Concepts
Core concepts
A quick tour of the Maskin model so the rest of the docs — and the MCP tools — make sense. Everything below maps directly to objects you'll see in the workspace and in the API.
Actors: humans and agents
Everyone in Maskin is an actor — and both people and AI agents are actors. They share the same shape: each has an identity, an API key, and a place in one or more workspaces. Agents add a system prompt, a tools configuration, optional memory, and an LLM provider. Because humans and agents are the same primitive, an agent can be assigned work, mentioned in a comment, or made the "driver" of an object exactly like a teammate.
Workspaces and members
A workspace is an isolated tenant — your team's data lives inside it, and every object, file, and session is scoped to one. Membership is role-based: owner, member, or viewer. A workspace also carries its own settings: display names, the valid statuses per object type, custom field definitions, relationship types, and which extension modules are enabled. That's what makes a "development" workspace look different from a "growth" one (see Self-hosted setup for templates).
Objects and the pipeline
Work is represented as objects. There's one object model with a type discriminator — the three built-in types form the pipeline:
- Insights — what you're learning: signals, research, customer notes.
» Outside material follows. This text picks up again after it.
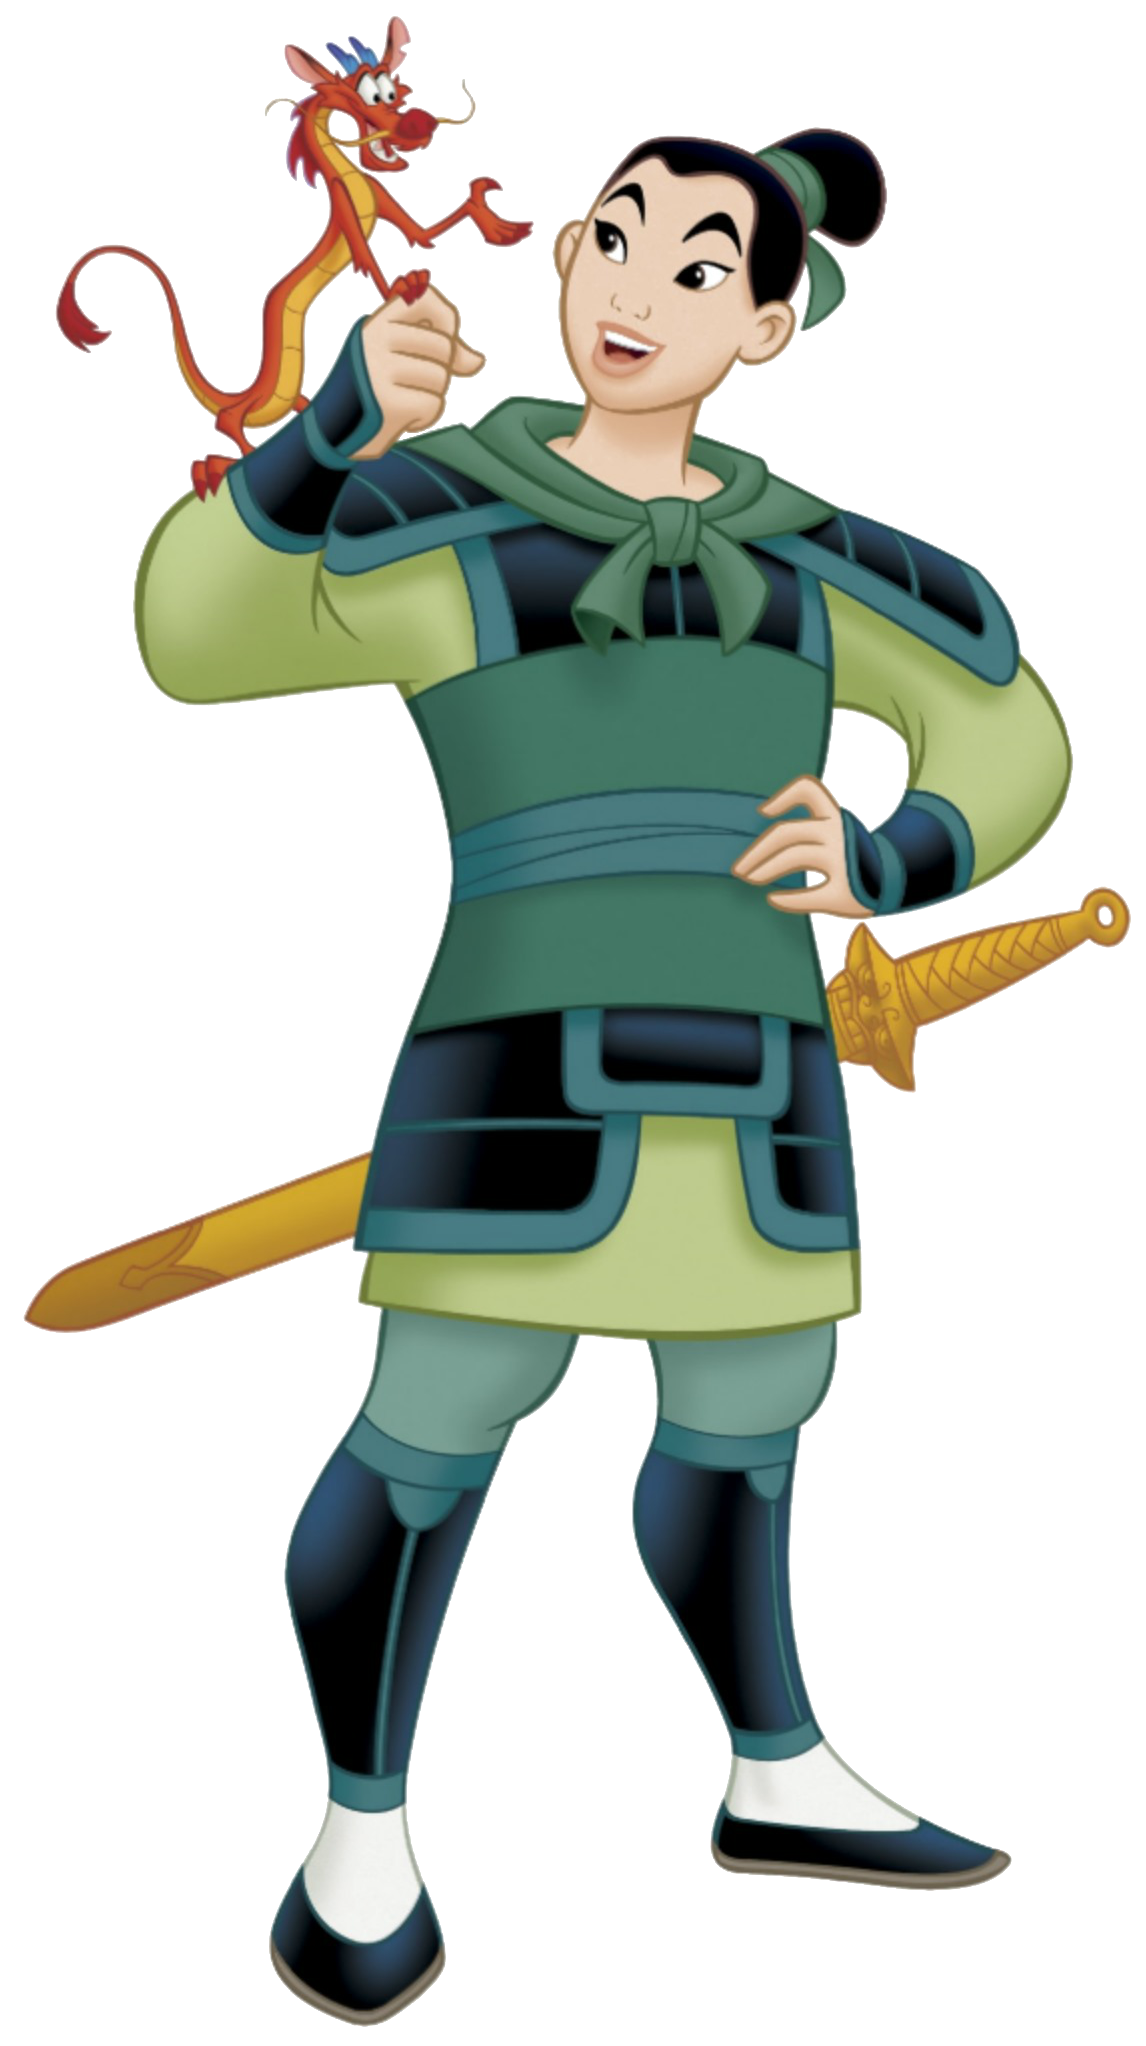 Warrior clipart secondary. Mulan as ping and
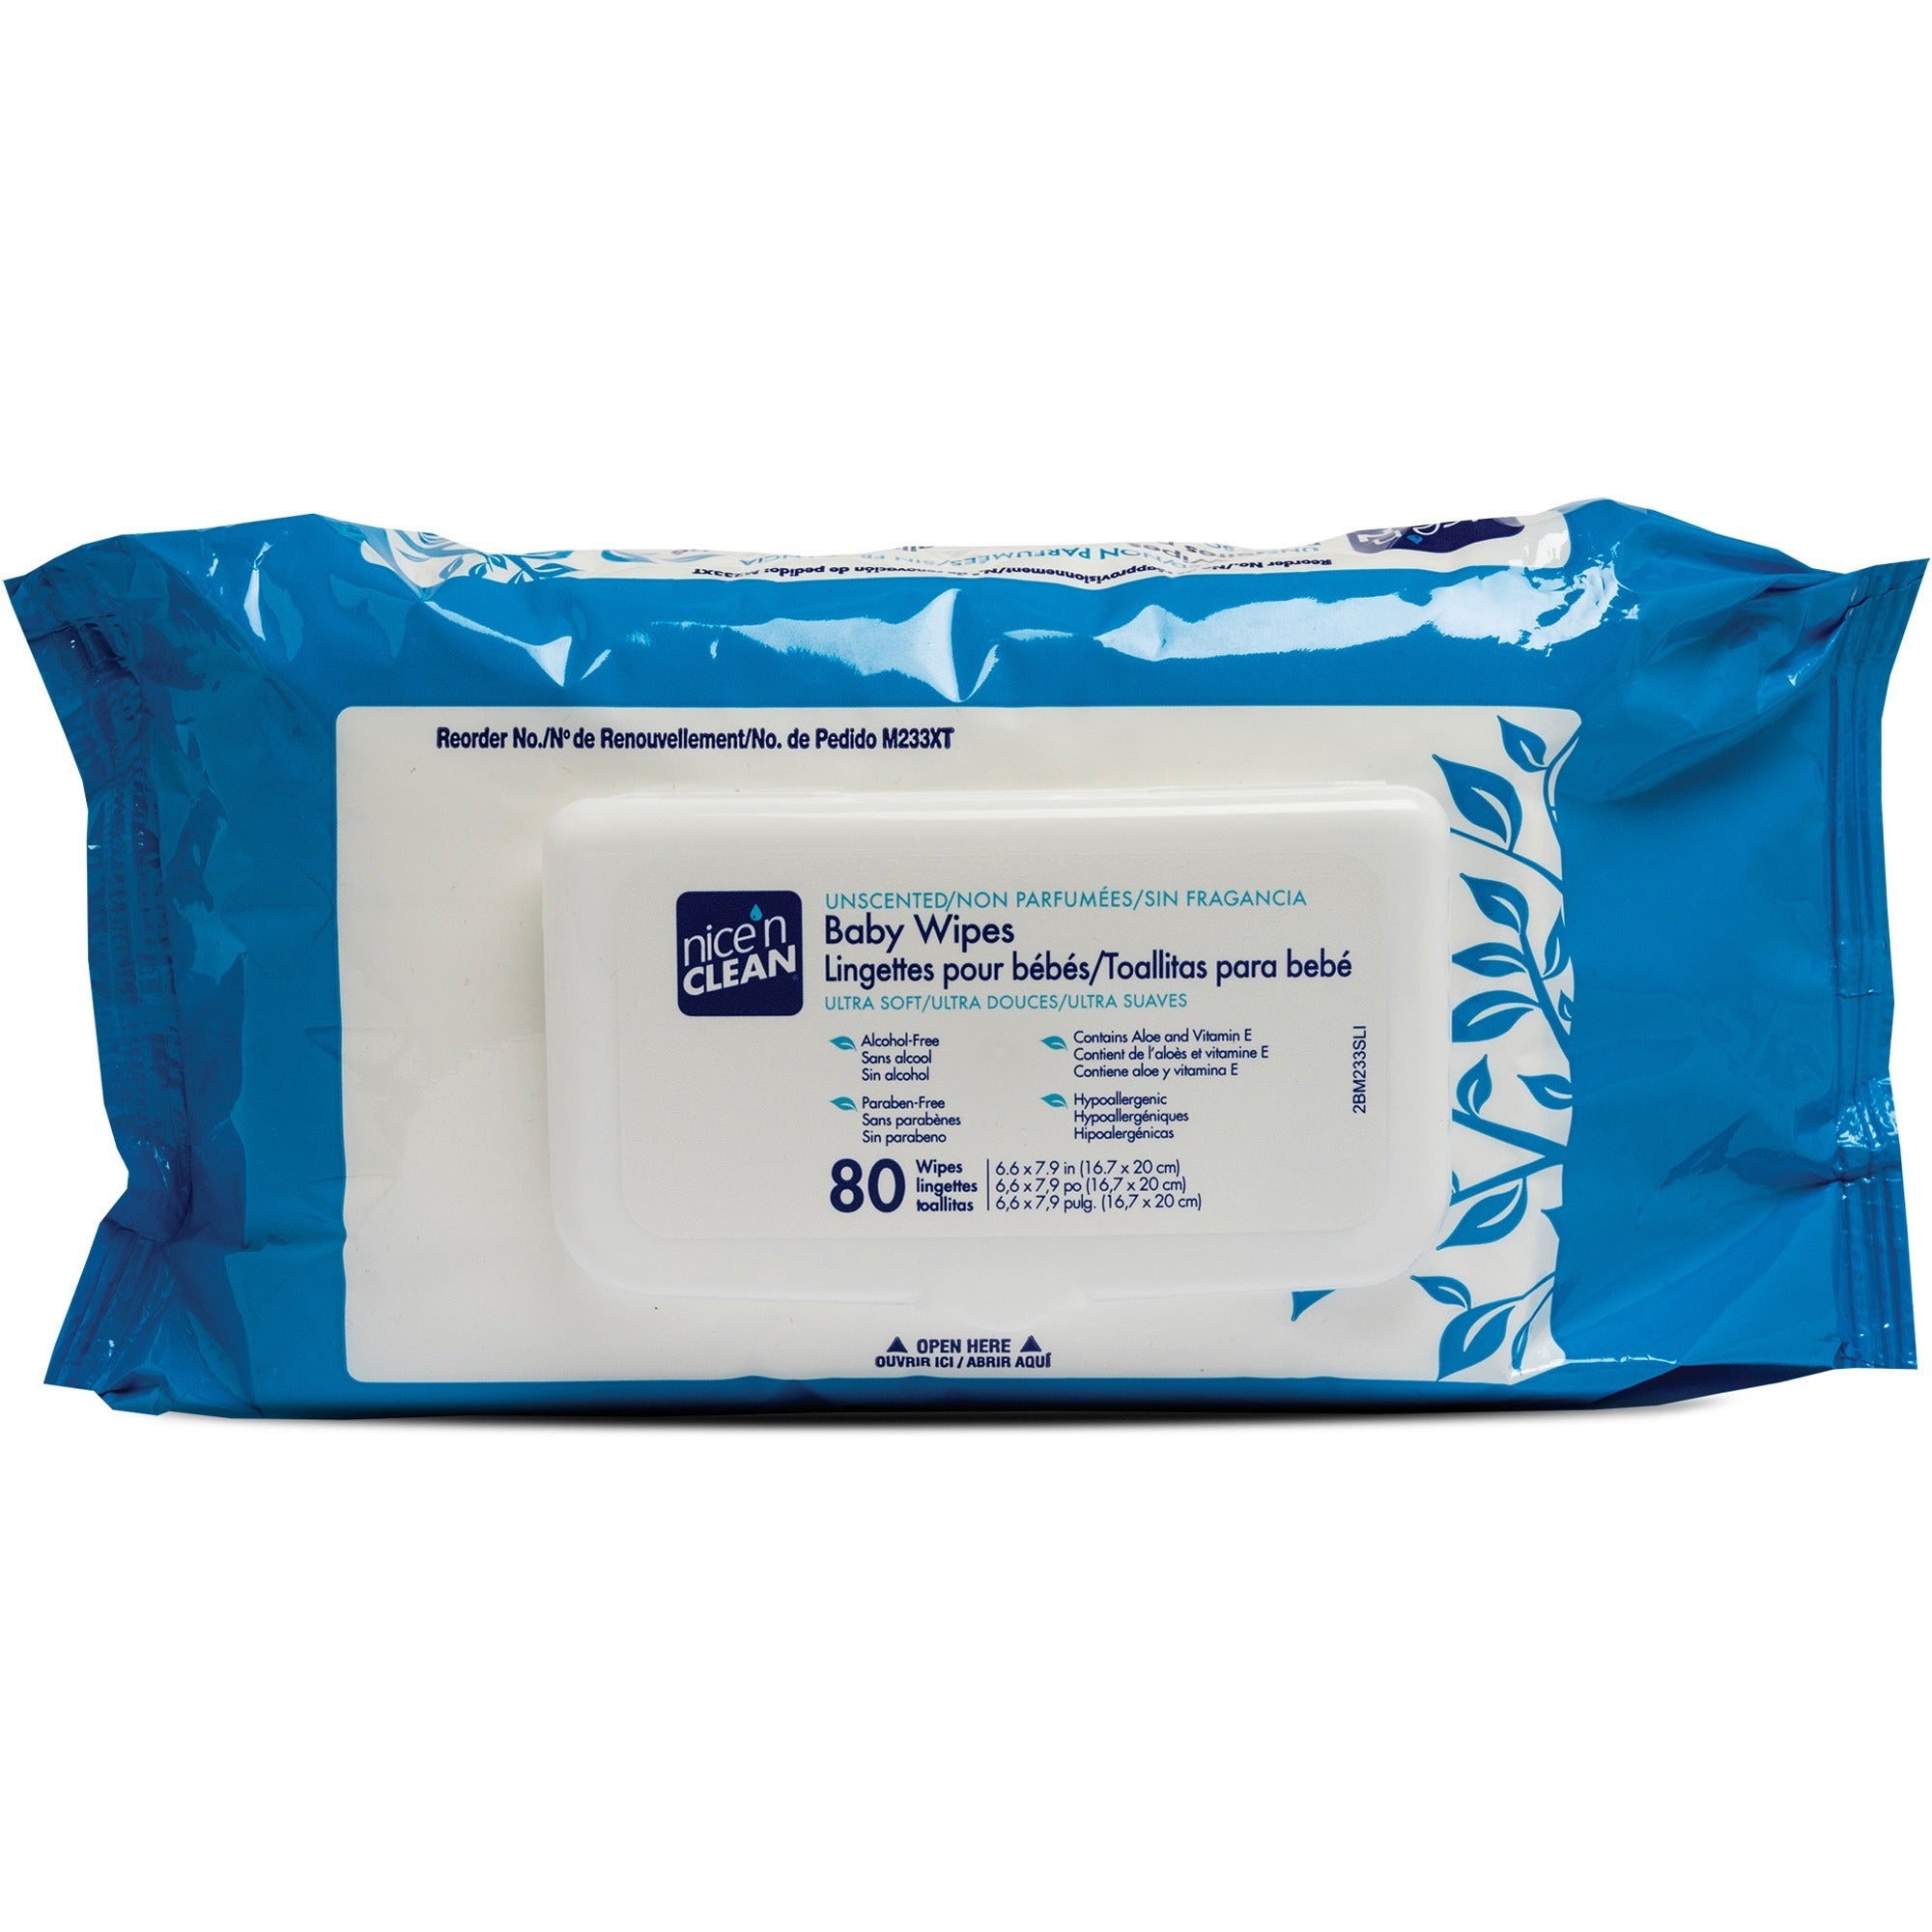 PDI Nice'n Clean Baby Wipes - 7.90" x 6.60" - Blue - Paraben-free, Latex-free, Resealable, Alcohol-free, Hypoallergenic, Moist - For Skin - 80 Per Pack

- Bets — what you've decided to pursue, and why.
- Tasks — the work that delivers a bet.
Every object has a title, content, a status, freeform metadata, and a driver (the actor responsible). Extensions can add more types (e.g. company, contact, deal).
Relationships
Objects connect through typed relationships, forming a graph rather than flat lists. The built-in types are informs, breaks_into, blocks, relates_to, and duplicates — so an insight can inform a bet, a bet can break into tasks, and a task can block another.
Comments and @mentions
Comments are the primary collaboration surface on every object — status updates, questions, findings. They're also how work gets dispatched: @mentioning an agent (or replying in an agent's thread) spawns an agent session to act on that object. Comments can carry file attachments and structured decision chips.
Triggers
Triggers automate agent work. A trigger is either cron-based (run on a schedule) or event-based (fire when something happens in the workspace, e.g. a task enters a status), and it spawns a session for a target agent with an action prompt.
Sessions
When an agent does work, it runs in a session — Claude Code executing in an ephemeral sandbox. Sessions have a lifecycle, stream logs, and track token usage and cost. They're covered in depth in Agents & sessions.
Notifications
When an agent needs a human — approval, a decision, an input — it raises a notification. Notifications carry structured UI (actions, options, urgency) and link back to the object or session that produced them, so humans stay in the loop without watching every run.
Skills, files, and extensions
- Skills — reusable prompts, snippets, or context files stored in the workspace and attachable to agents.
- Files — markdown, code, PDFs, and images stored in S3-compatible storage and attached to objects or produced by agents.
- Extensions / modules — pluggable add-ons (CRM, knowledge, notetaker, work) that introduce new object types and behaviour.
Activity and real-time
Every change is recorded in an append-only event log, which doubles as the audit trail and the source for unread tracking. The UI and agents stay live through a Postgres NOTIFY → Server-Sent-Events stream — no extra message broker required.